Mas esta noite, sem que nada fizesse prever, Joana veio arrancar-me da cela enquanto a minha alienada co-locatária trauteava uma das suas canções preferidas. “(…) Acorda Amor/ Eu tive um pesadelo agora/ Sonhei que tinha gente lá fora/ Batendo no portão, que aflição (…)”. Sou arrastada para a horta, em meio a empurrões e pontapés. No meio da escuridão vejo Mbua uivando à lua. Kitadi espera-nos com ar triunfante enquanto consulta o seu telemóvel.
— Ainda não tenho a transferência. Não me faças perder tempo, Ngandu.
As patas desta mulher minúscula e abjeta arremessam-me para o chão com violência. Todo o seu corpo é um mecanismo brutal de destruição, as mãos são verdadeiras pás de coveiro. Rapidamente finaliza o pagamento acordado fazendo deslizar os dedos que se mostram agora ágeis, versáteis e céleres.  

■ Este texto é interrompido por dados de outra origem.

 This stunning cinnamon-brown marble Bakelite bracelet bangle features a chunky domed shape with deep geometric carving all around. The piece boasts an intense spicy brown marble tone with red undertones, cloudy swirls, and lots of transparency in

— Muito bem. És batalhadora, persistente. Gosto de ti, Ngandu   Kitadi exalava uma respiração ruidosa que lhe embaciava as grossas lentes. Ajeitou o boné e consultou o seu bonito relógio de ouro. — Chegou a hora de saberes a verdade — continuou.
Entretanto eu gemia no chão, tentando cuspir o capim da boca, com as mãos algemadas atrás das costas, cheias de escoriações. Os meus olhos cruzaram-se com os de Mbua e foi nesse momento que o velho animal saltou para o pescoço de Kitadi ferrando-o fatalmente na jugular. Ngandu disparou um tiro certeiro e Mbua apagou-se como um herói, sem um latido, com os olhos meigos cheios de ramelas.

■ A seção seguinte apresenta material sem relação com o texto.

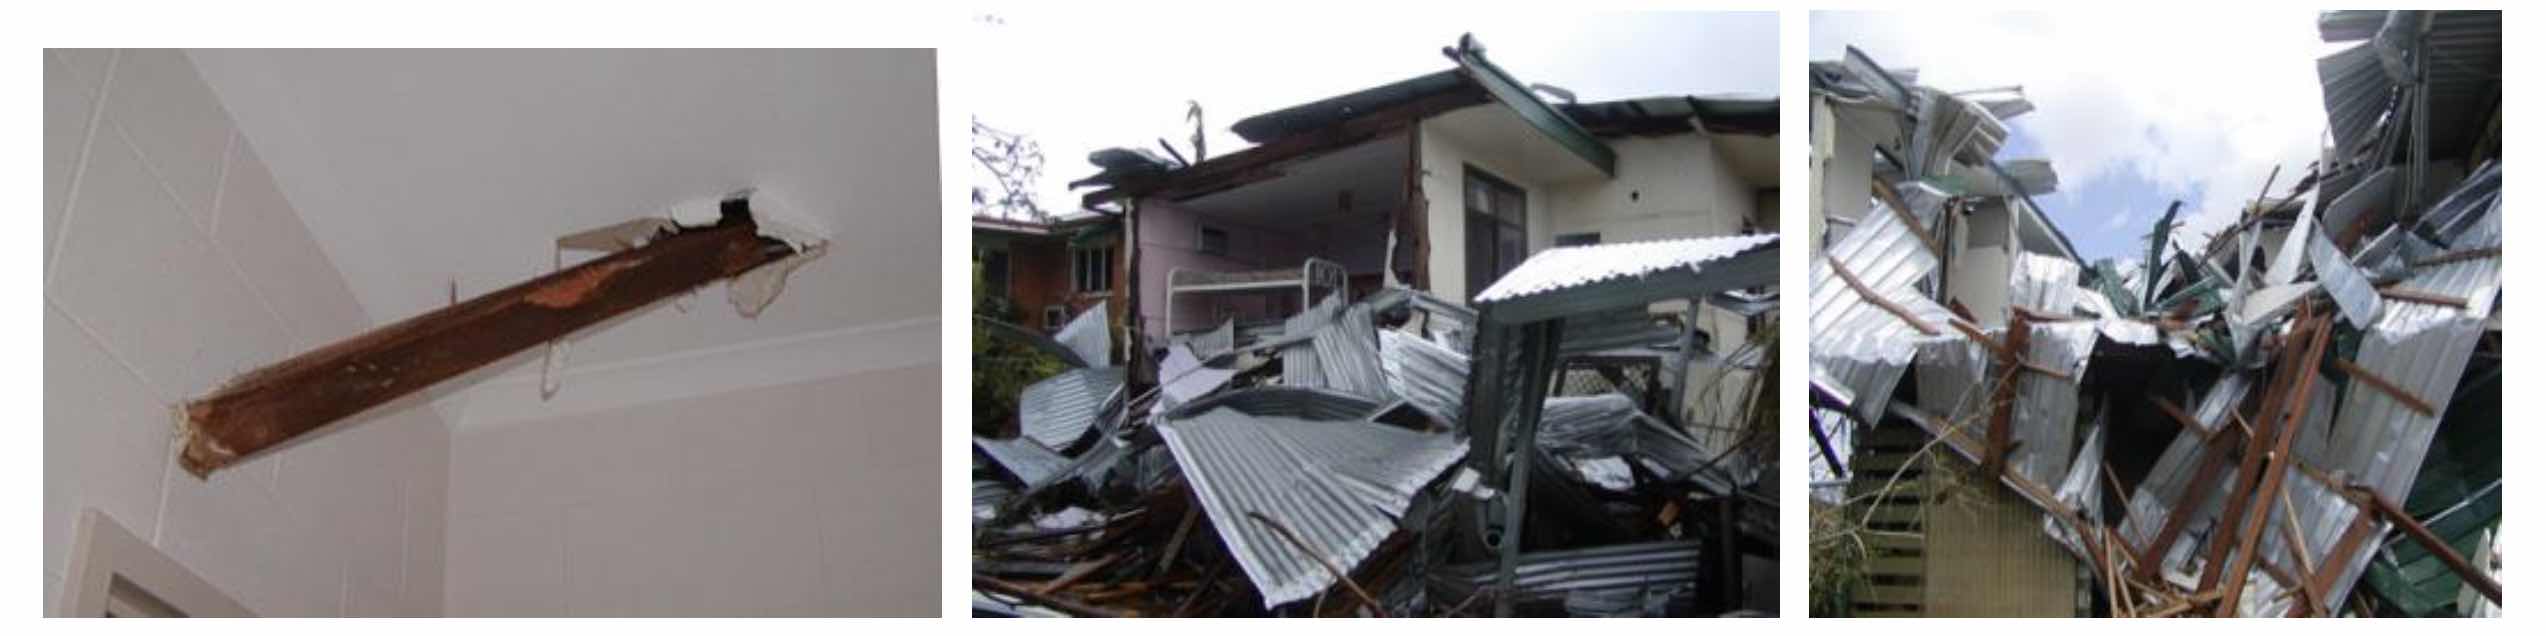 Houses damaged by wind-borne debris during TC Larry (Innisfail, Qld, 2006)

— Mas quem és tu? Quem diabo és tu, afinal? Estúpida princesa decadente, olha para ti, não vales nem o capim nem as formigas que se vão alimentar de ti…Quem é JC, diz-me de uma vez por todas? Sabes o que é o “Renascimento Sanitário”?  — continuou.
— Quem me dera saber — murmurei. — Mas talvez estes livros possam ajudar. Não me separo deles. Veja.
Ngandu abriu violentamente o Bestiário numa página de Casa Ocupada. E leu: “Ouvíamo-nos respirar, tossir, pressentíamos o gesto que leva ao botão do candeeiro, as mútuas e frequentes insónias”. Senti o peso da sua mão na face esquerda como uma bota da tropa. Rindo, com um fio de sangue escorrendo pela boca, respondi-lhe apenas:
— Sou mais nova que o seu pai seis meses. 
E ouvi claramente Lobo Antunes rindo ao meu lado antes de me desvanecer.
Luísa Fresta
Queluz, 26/03/2020


[1] Muteta: prato tradicional angolano à base de pevides de abóbora descascadas e moídas, com tomate, alho e ovos.
[2] Saka saka: o mesmo que sacafolha, kizaka ou quizaca. Receita tradicional do Norte de Angola e Congo, nomeadamente, feita com folhas de mandioca pisadas, cozidas e refogadas em óleo de palma.
[3] Cambriquito: cobertor pequeno, em Angola. Termo relativo ao período colonial.
[4] Mbua: cão, em kimbundu.
[5] Ngandu: jacaré, em kimbundu.
[6] Kitadi: dinheiro, em kimbundu.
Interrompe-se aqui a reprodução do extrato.